§ **EXERCISE PROMPT**
Each line, starting at the one with "Ultimate Iron Fight - 120g - Profit" and running to the end of the data below, is to be set down again exactly, both ends included; leave pictures out.

§ **DATA SECTION**
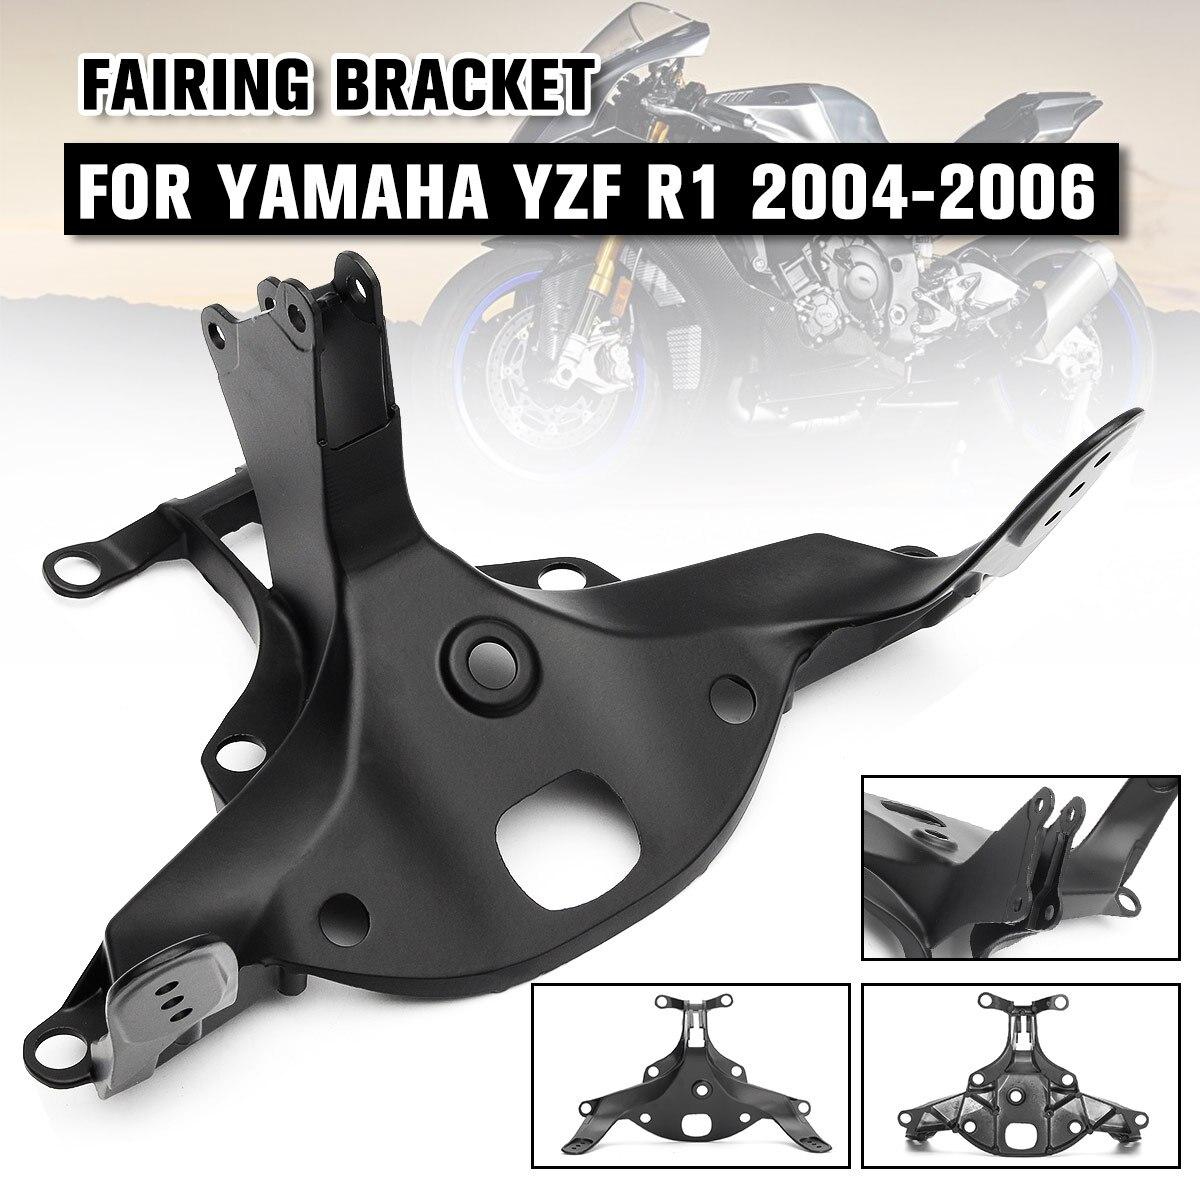 Upper Stay Fairing Cowling Headlight Bracket For Yamaha YZF R1 2009-2014
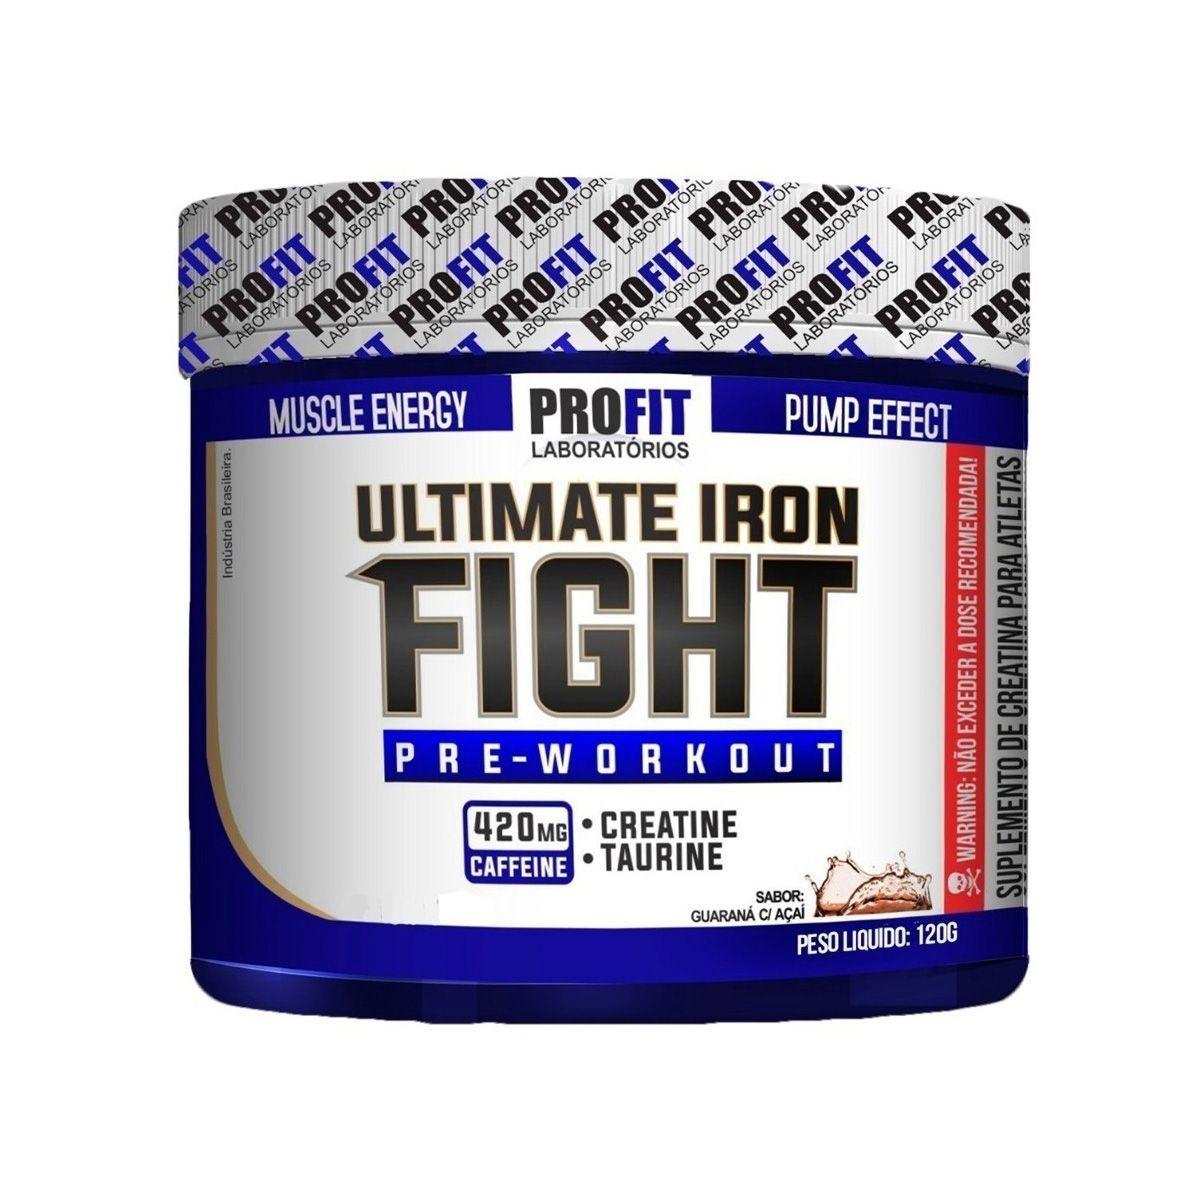 Ultimate Iron Fight - 120g - Profit
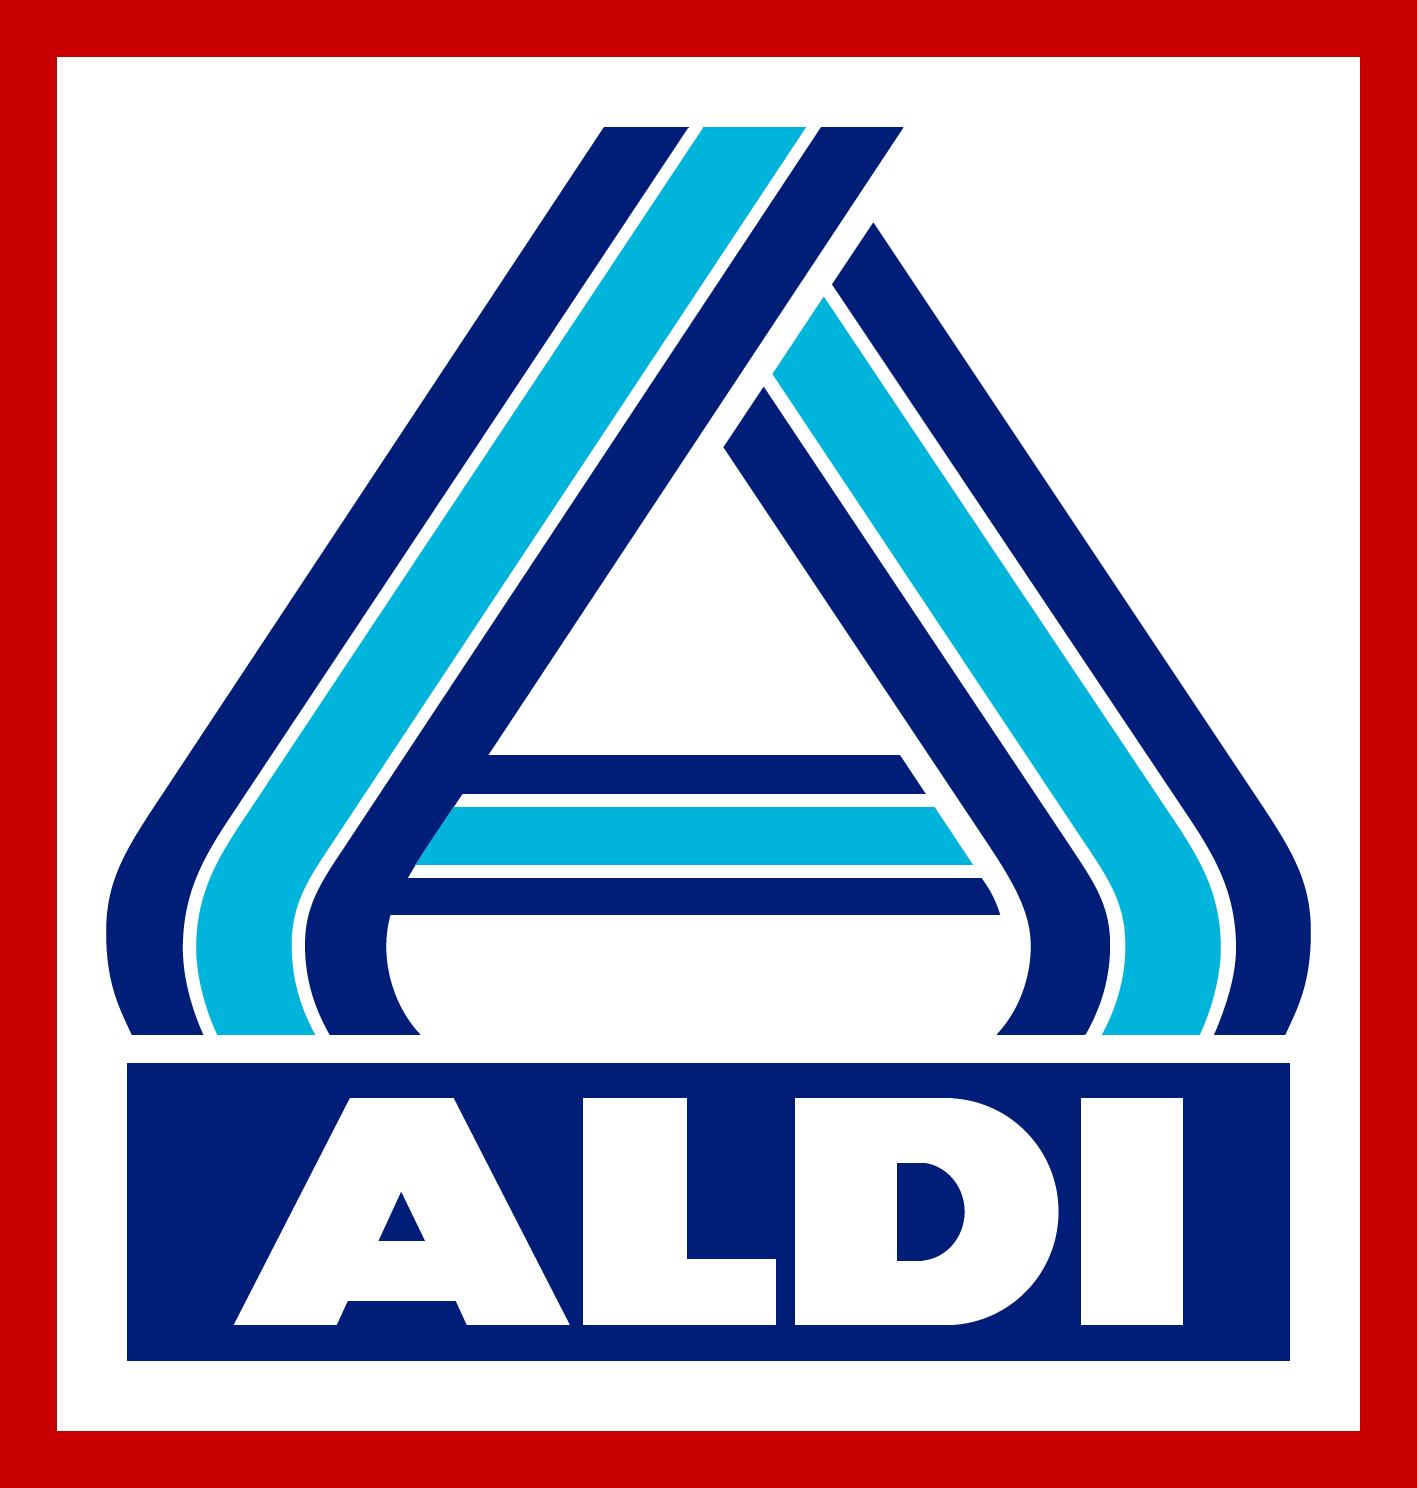 ALDI NordLogo Image
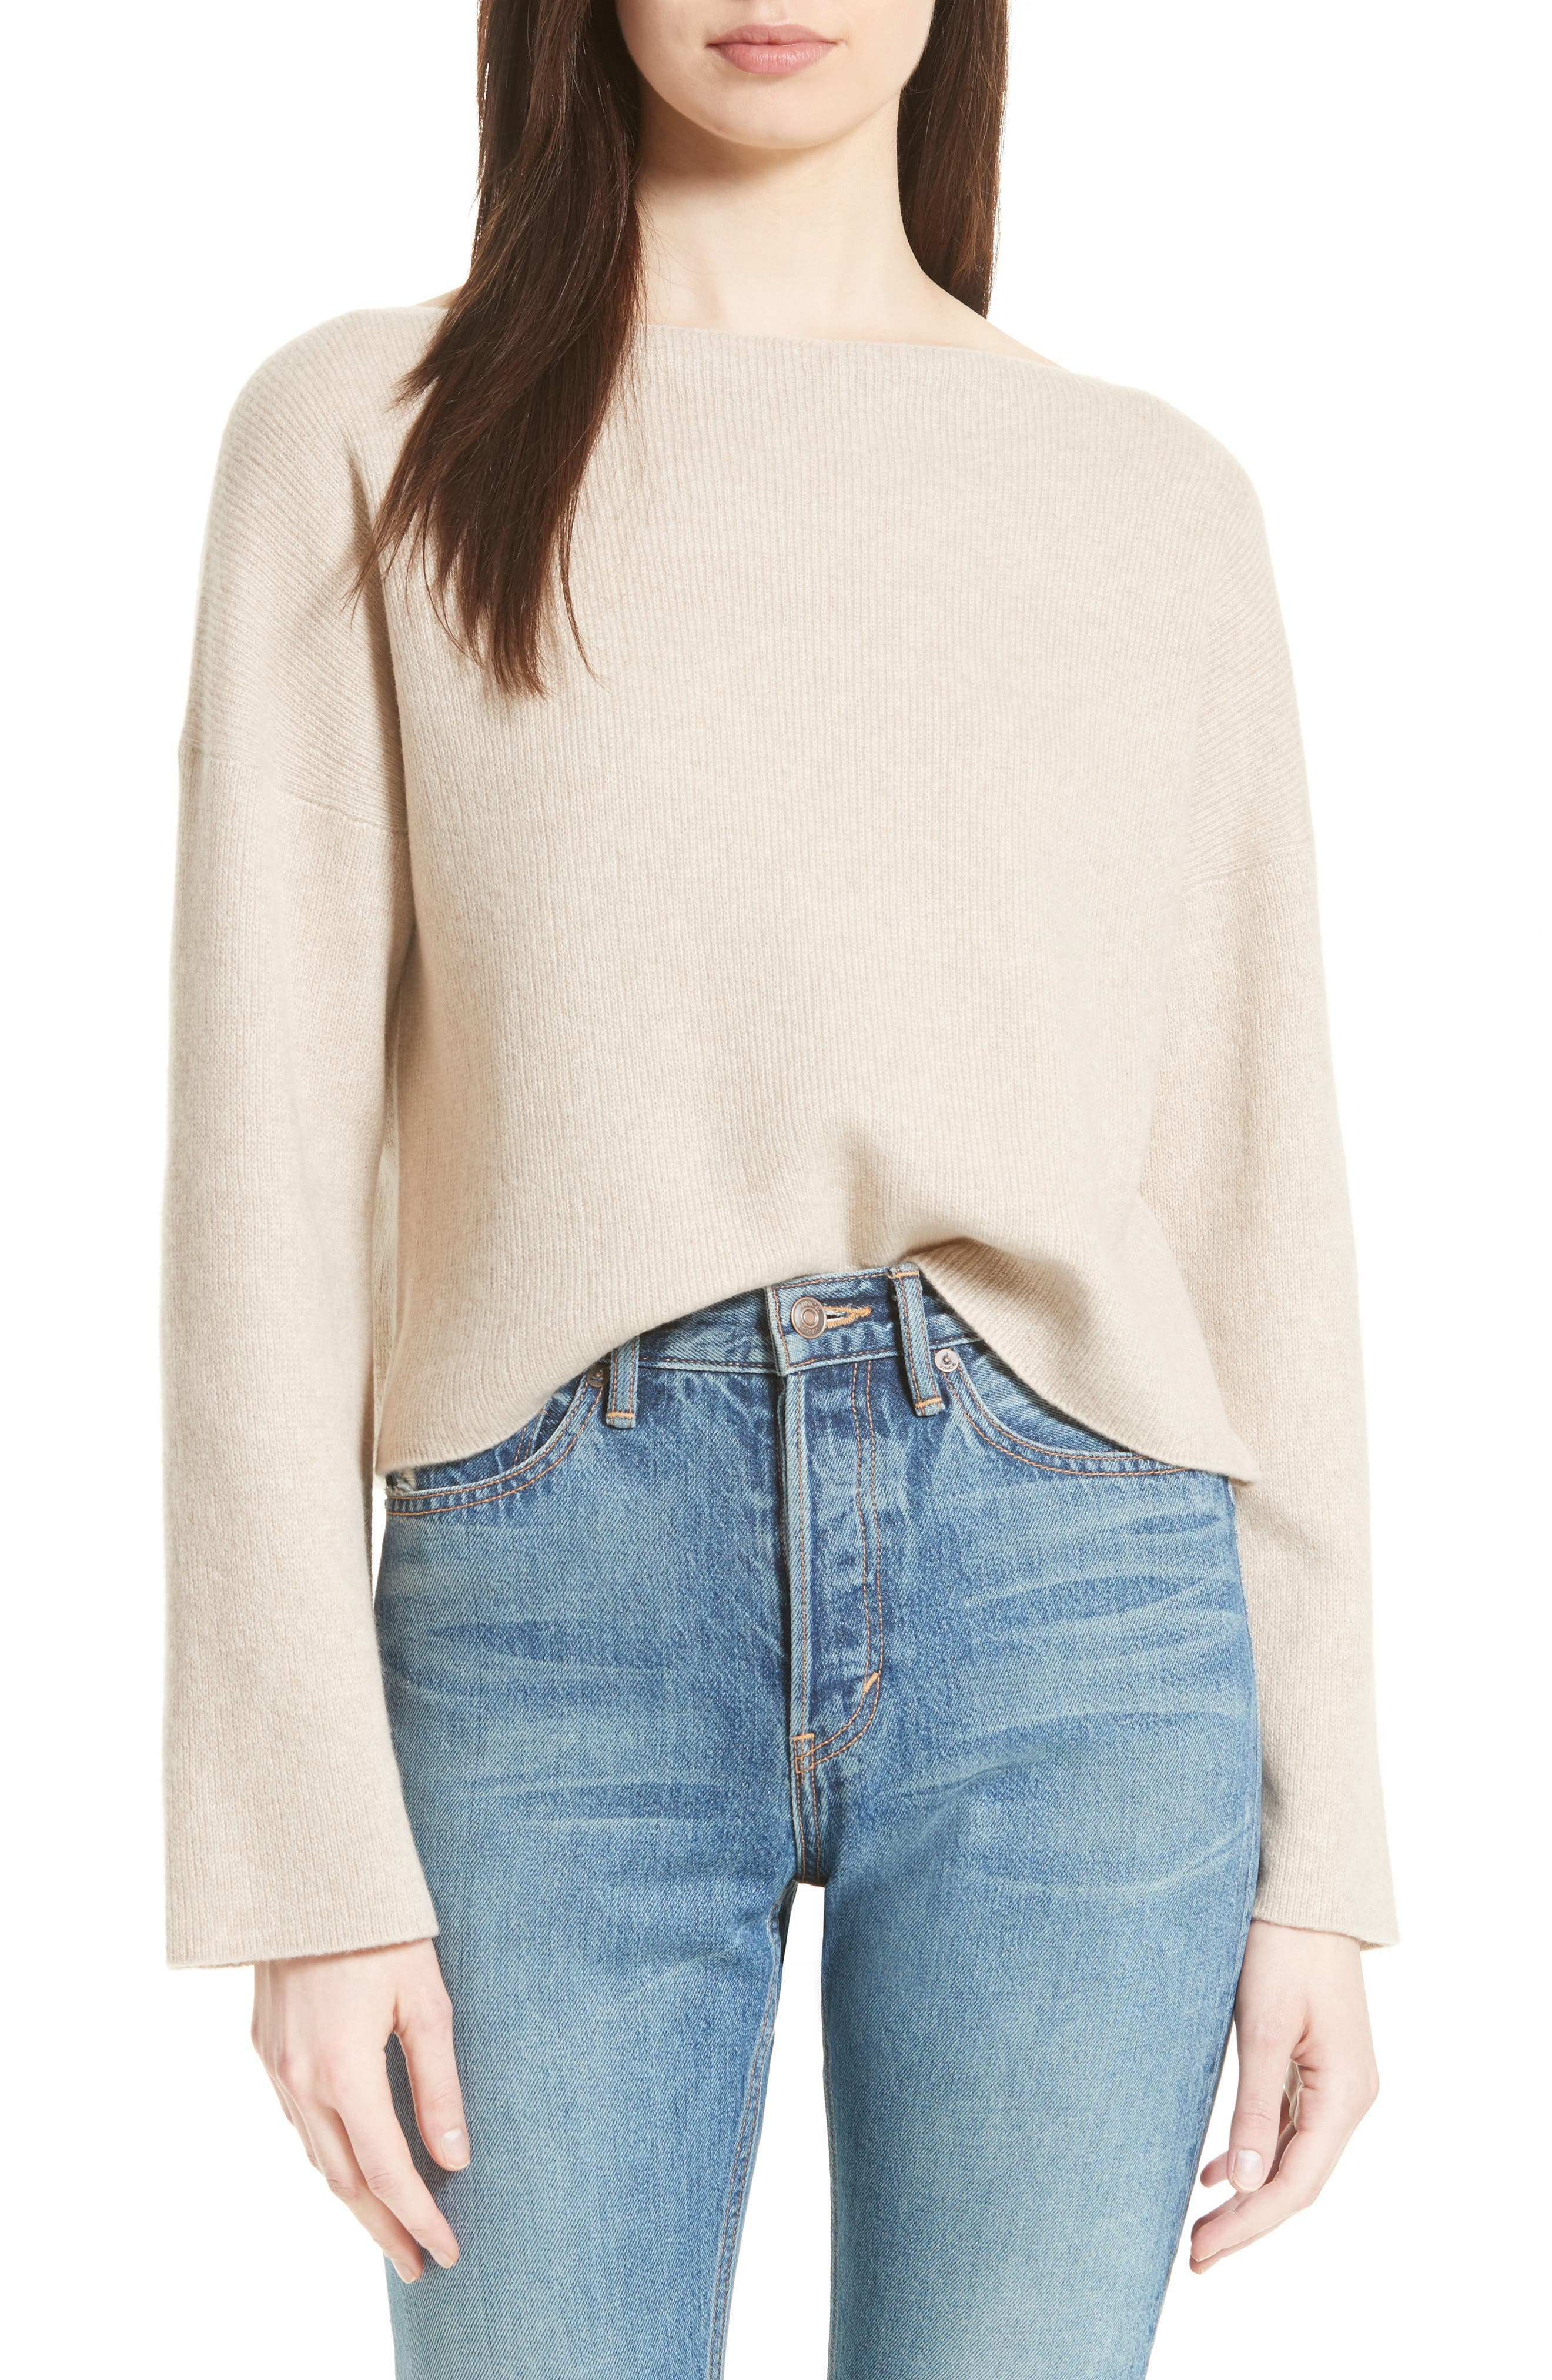 VINCE,                             Boxy Cashmere Sweater,                             Main thumbnail 1, color,                             233

§ **EXERCISE SOLUTION**
 Ultimate Iron Fight - 120g - Profit
 ALDI NordLogo Image
 VINCE,                             Boxy Cashmere Sweater,                             Main thumbnail 1, color,                             233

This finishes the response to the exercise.